The film has the feeling of grappling with a subject of almost impossible immensity, of trying to find a structure and a mode of expression equal to the sadness of its subject. The best analysis of the film that I know of, by Robin Wood in his book Hollywood from Vietnam to Reagan…and Beyond, disentangles its complex strands with surgical clarity, while allowing that the scalpels can only reach so far: he concludes that the film’s greatness perhaps lies “in the richness of its confusions.” Among many other things, Wood’s essay is masterful in drawing out an element which I’d registered, but hardly mulled on in such detail – the way in which its treatment of the three main characters played by Robert De Niro, Christopher Walken and Meryl Streep expresses “the universal bisexuality our culture strives to repress.” Reading Wood’s account, and mulling on the sly radicalism of Cimino’s achievement, it seems plausible there was something primal in how the world soon turned on him, seizing an opportunity to quell some unresolved anxiety in what he represented.
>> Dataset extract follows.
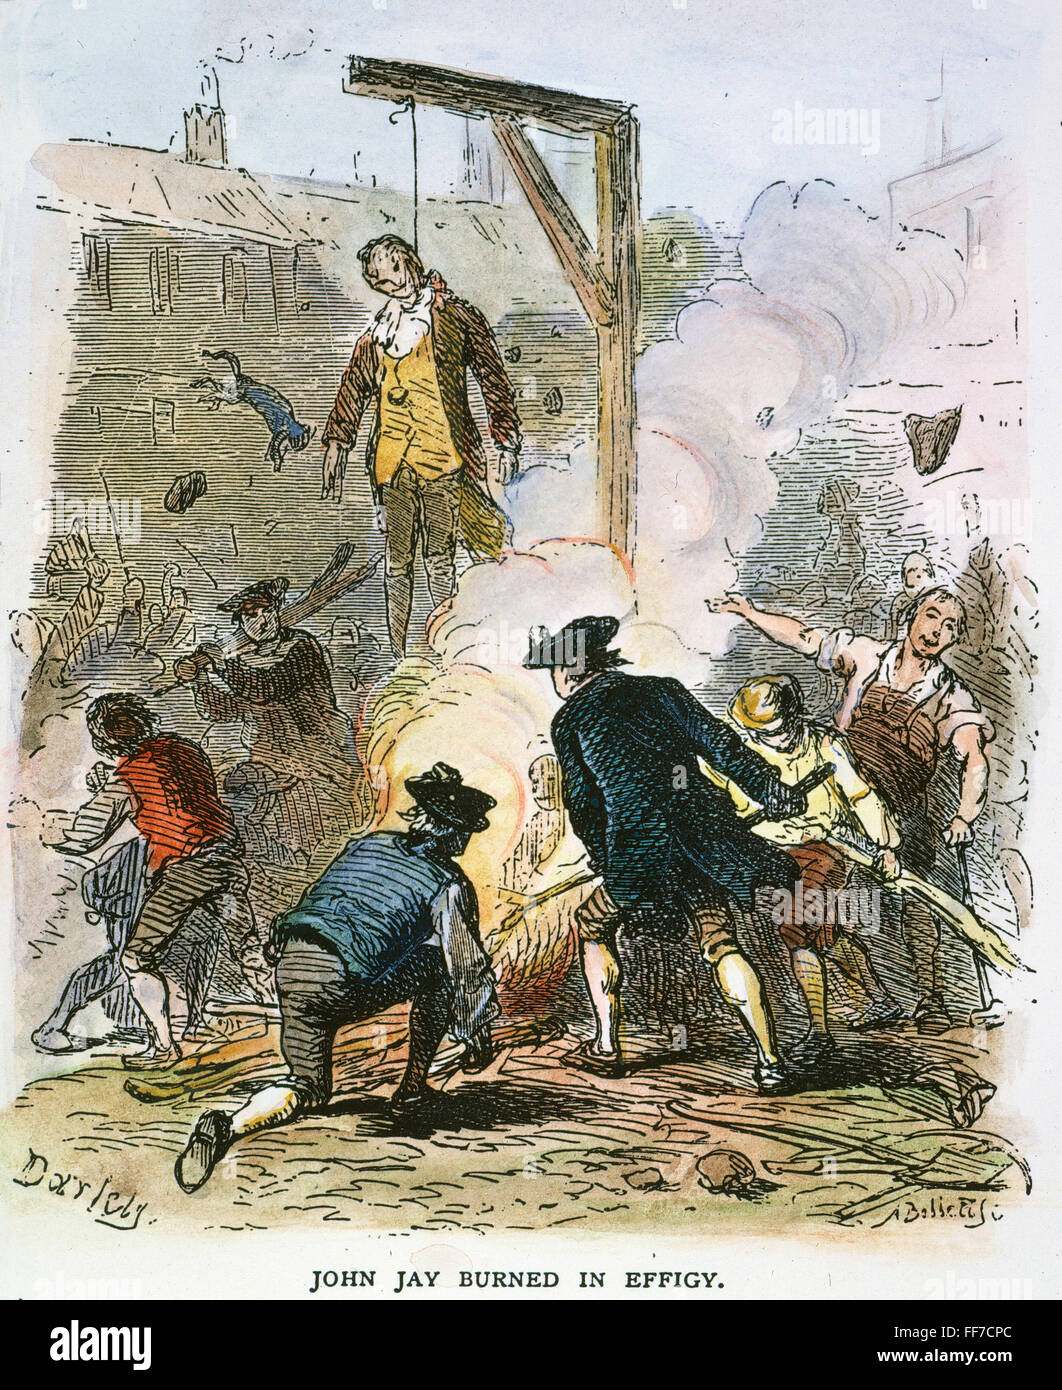 JOHN JAY: Efigie, 1794. /NJeffersonians colgando y John Jay quema en efigie en 1794. Grabado en color, del siglo XIX. Foto de stock

I’d watched The Godfather again a few weeks before rewatching The Deer Hunter, and while that remains a staggering feat of story-telling, and much more obviously influential on American storytelling in recent decades, it seemed almost limited and self-absorbed by comparison (Wood seems to have little time for Coppola, judging his work “a daunting mixture of the pretentious and the banal, in roughly equal measure,” with the Godfather films constituting “only partial” exceptions). The Godfather remains tremendously provocative about the nature of post-war America, but only insofar as we choose to regard the somewhat rarified trajectory of the Corleones as an experience with inherent metaphorical resonance (there’s virtually nothing of what you might call “the real world” in the film). Compared to that film’s impeccable sense of assurance, The Deer Hunter preaches and rambles and occasionally seems to lose its thread altogether, but while it draws on American myths and archetypes, it obsessively bores in on one of America’s thousands of culturally specific environments (marked in this case by the steel mills that dominate the town, and by the fraying Russian immigrant heritage), yet universally struggling and unfulfilled. On the other hand, Cimino was never a documentarian – as my wife pointed out, the deer hunting scenes, supposedly taking place above their Pennsylvania town, were actually shot half a continent away.

Heaven’s Gate

Wood rates Heaven’s Gate even more highly than The Deer Hunter, placing it “among the supreme achievements of the Hollywood cinema.” Set in the 1890’s, it depicts how a group of establishment Wyoming landowners (acting outside the law, but with the tacit support of authorities and institutions) launch what we might now almost call a campaign of ethnic cleansing against a “death list” of immigrants; Kris Kristofferson plays a marshal, an establishment man himself, but disgusted by these actions. More than the previous film, Heaven’s Gate is marked by its extreme visual beauty, but not of a glassily pictorial kind – there’s a slight gauziness to many of the images, so that the film and its meaning often seem to be dissolving away from us. Of course, respondents often analyzed this quality, along with Cimino’s discursive approach to narrative and relationships (if one wasn’t sure about the politicized sexuality of The Deer Hunter, it becomes even clearer in Heaven’s Gate), as denoting simple ineptitude. But in a way, they only confirmed one of his core points, that American ideals, almost as soon as they were articulated and formalized, have always been in the process of degrading and dying. If I found Heaven’s Gate slightly less stimulating than The Deer Hunter on this occasion anyway, maybe it’s only because I’ve never been particularly dazzled by America’s claims for its past, whereas we have no choice but to be invested in its present.